Short jokes
Student: Why does everyone hate me?
Another student: Because U got the A last night.
Husband: Hey, my dear, this lunch is great. Where did you find the recipe?
Wife: In a detective novel.
I was walking home, then I saw a "Wait" sign. A man came and took me. I'm still waiting for him to ask for a lesson.
His girls clapped, BTW. 😬
Long hair Danny, the fanny.
A: What's the difference between a toilet and a washing basin?
B: I don't know.
A: Then I guess your house looks beautiful...
B: ...
When I was recently standing in front of a huge puddle with my buddy, I remembered how he tricked me a week ago. So I tricked him...
Why did the egg hide?
Because it was a little chicken!
What kind of candy do astronauts eat in space?
Mars bars.
What is the shortest month of the year?
May, it only has 3 letters!
I loved the Twin Towers, it's a shame my dad didn't.

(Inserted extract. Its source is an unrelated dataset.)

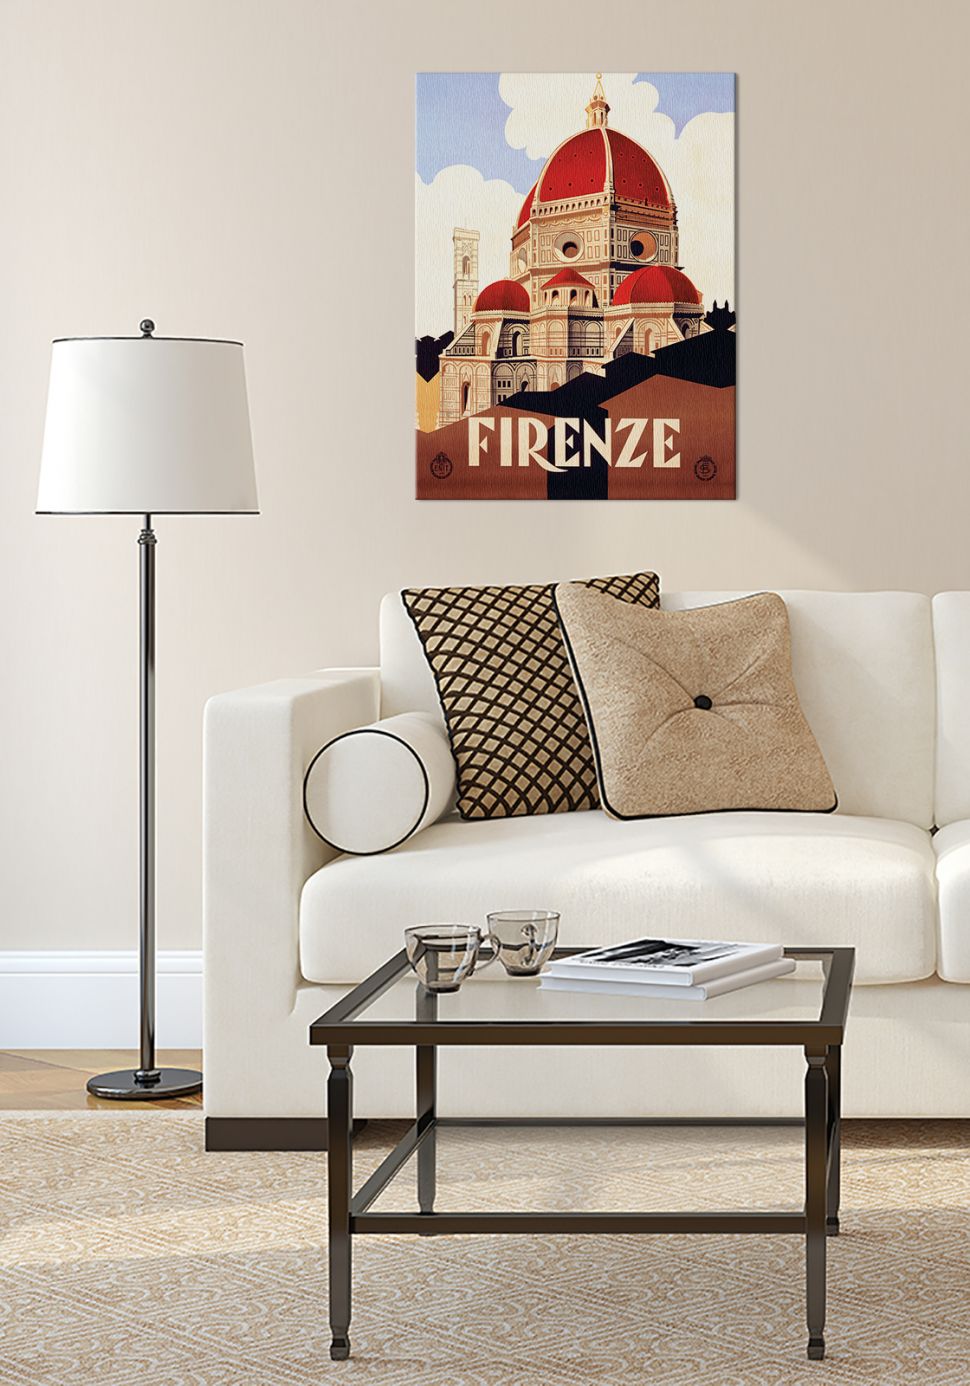 Obraz na płótnie Firenze wiszący w salonie na białej ścianie nad jasną kanapą

90% of women don't like men in pink shirts. Ironically, 90% of men in pink shirts don't like women.
What’s the difference between depression and your ex?
Depression fucks you harder.
How much drugs did Charlie Sheen take?
Enough to kill two and a half men.
We shouldn't call gay guys "fucking cunts" because they aren't fucking cunts, they're fucking assholes.
Arik? (Not a joke.)
What does a dog do in a dresser?
It pants!
Who is the oldest Dave?
Daveon.
Who is the least young Dave?
Dave-on.
Eons it takes to Daveon the haters.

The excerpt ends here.